His conclusion on abortion, and his desire to return to a more restrictive 40's like atmosphere is fanciful and dreamlike though. That might work in the suburbs and rural areas, but the point is moot there anyways, those aren't the areas where he says the largest amount of abortions are taking place.

He claims (most likely, correctly) that inner cities and poor single mothers are the ones having all these abortions. Well alright, explain this wonder paradox in Conservative ideology: Conservatives want to get rid of abortion, and they want to cut much of welfare. Many times women in these situations have abortions because they can't care for the child. Card's suggestion is that the parent should spend many many times more effort to supervise and guard the child to keep them sexuall repressed.

Well okay, if welfare is cut, and even if it isn't, a poor single mother spends most of her time at work, not at home, which is part of the reason she probably didn't want the baby to begin with. She doesn't have the time that all those wonderful two parent suburban homes of the 40's had to supervise and nurture the kid. Wake up Card, you aren't going to make 40's style values and good times appear magically in the ghetto just by outlawing abortion.
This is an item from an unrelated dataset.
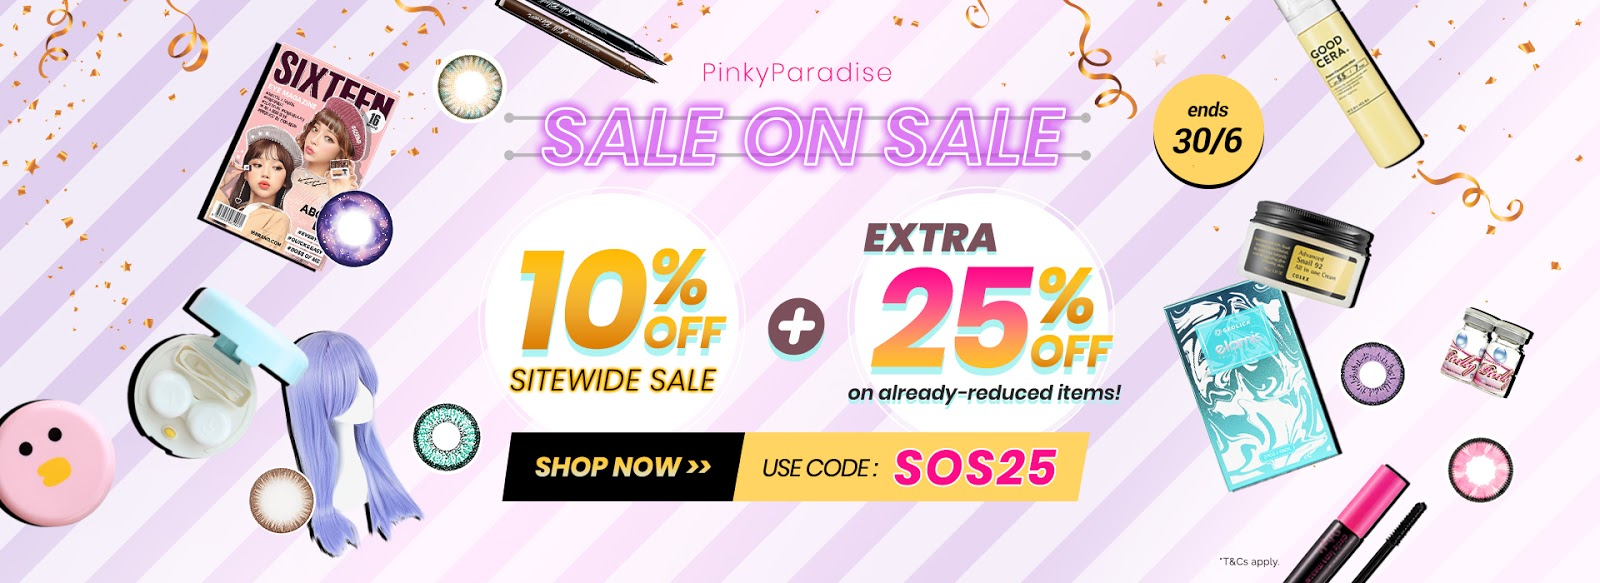 pinkyparadise sale on sale

So, what if they give the kids up for adoption? Then we have a massive influx of unwanted kids lost in a huge bungled system that produces socially stunted, and uneducated children. They will come out less able to assimilate into society, and more than twice as likely to descend into crime.

I'm not saying we should keep abortion illegal as a means to curb crime. But I do wonder what is going on in the minds of Conservatives, and in Card's mind, to think that any sort of return to the 40's style of parenting is even possible, regardless of whether or not it is a good idea.

How would you pay for the increased burden? Can't raise taxes can you? Can't increase funding to social programs? How do you deal with the increased rate in crime? The drain on the healthcare system?

They aren't arguments against illegalization, but they are questions that have to be answered, lest a idealized state of morality leads us to a future state of moral decay.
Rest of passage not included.